There are lots of examples of undefined/unspecified behavior when doing pointer arithmetics - pointers have to point inside the same array (or one past the end), or inside the same object, restrictions on when you can do comparisons/operations based on the above, etc.

Is the following operation well-defined?

int* p = 0; p++; 

Answer 1

§5.2.6/1:

The value of the operand object is modified by adding 1 to it, unless the object is of type bool [..]

And additive expressions involving pointers are defined in §5.7/5:

If both the pointer operand and the result point to elements of the same array object, or one past the last element of the array object, the evaluation shall not produce an overflow; otherwise, the behavior is undefined.

Answer 2

There seems to be quite low understanding what "undefined behaviour" means.

In C, C++, and related languages like Objective-C, there are four kinds of behaviour: There is behaviour defined by the language standard. There is implementation defined behaviour, which means the language standard explicitely says that the implementation must define the behaviour. There is unspecified behaviour, where the language standard says that several behaviours are possible. And there is undefined behaviour, where the language standard doesn't say anything about the result. Because the language standard doesn't say anything about the result, anything at all can happen with undefined behaviour.

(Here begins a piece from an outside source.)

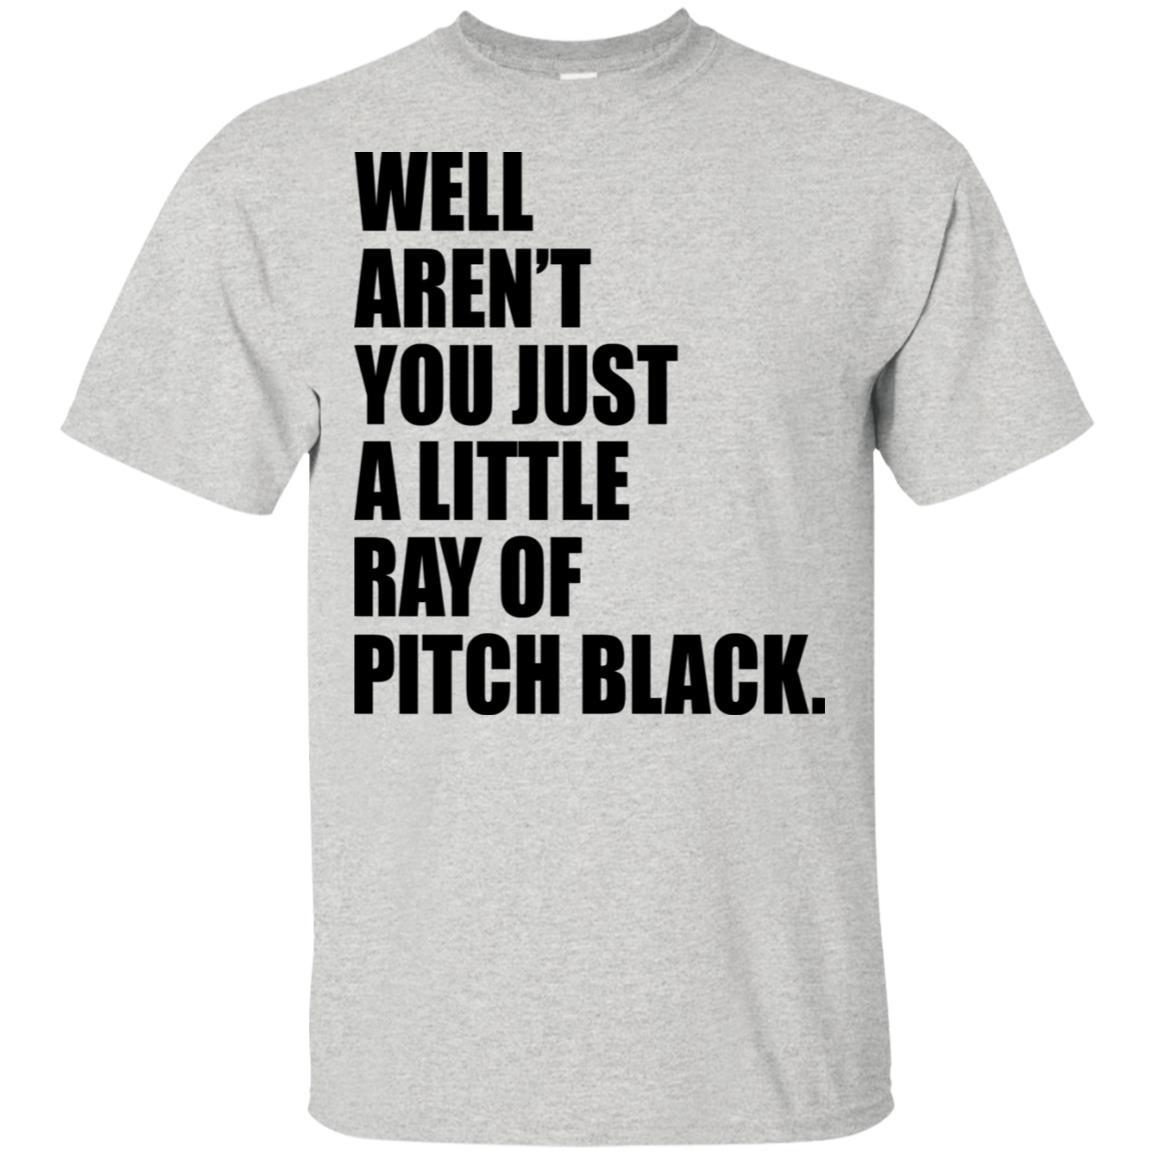 pitch black shirt

Some people here assume that "undefined behaviour" means "something bad happens". That's wrong. It means "anything can happen", and that includes "something bad can happen", not "something bad must happen". In practice it means "nothing bad happens when you test your program, but as soon as it is shipped to a customer, all hell breaks loose". Since anything can happen, the compiler can actually assume that there is no undefined behaviour in your code - because either it is true, or it is false, in which case anything can happen, which means whatever happens because of the compiler's wrong assumption is still correct.

Someone claimed that when p points to an array of 3 elements, and p + 4 is calculated, nothing bad will happen. Wrong. Here comes your optimising compiler. Say this is your code:

int f (int x) {     int a [3], b [4];     int* p = (x == 0 ? &a [0] : &b [0]);     p + 4;     return x == 0 ? 0 : 1000000 / x; } 

Evaluating p + 4 is undefined behaviour if p points to a [0], but not if it points to b [0]. The compiler is therefore allowed to assume that p points to b [0]. The compiler is therefore allowed to assume that x != 0, because x == 0 leads to undefined behaviour. The compiler is therefore allowed to remove the x == 0 check in the return statement and just return 1000000 / x. Which means your program crashes when you call f (0) instead of returning 0.

Another assumption made was that if you increment a null pointer and then decrement it again, the result is again a null pointer. Wrong again. Apart from the possibility that incrementing a null pointer might just crash on some hardware, what about this: Since incrementing a null pointer is undefined behavour, the compiler checks whether a pointer is null and only increments the pointer if it isn't a null pointer, so p + 1 is again a null pointer. And normally it would do the same for the decrementing, but being a clever compiler it notices that p + 1 is always undefined behaviour if the result was a null pointer, therefore it can be assumed that p + 1 isn't a null pointer, therefore the null pointer check can be ommitted. Which means (p + 1) - 1 is not a null pointer if p was a null pointer.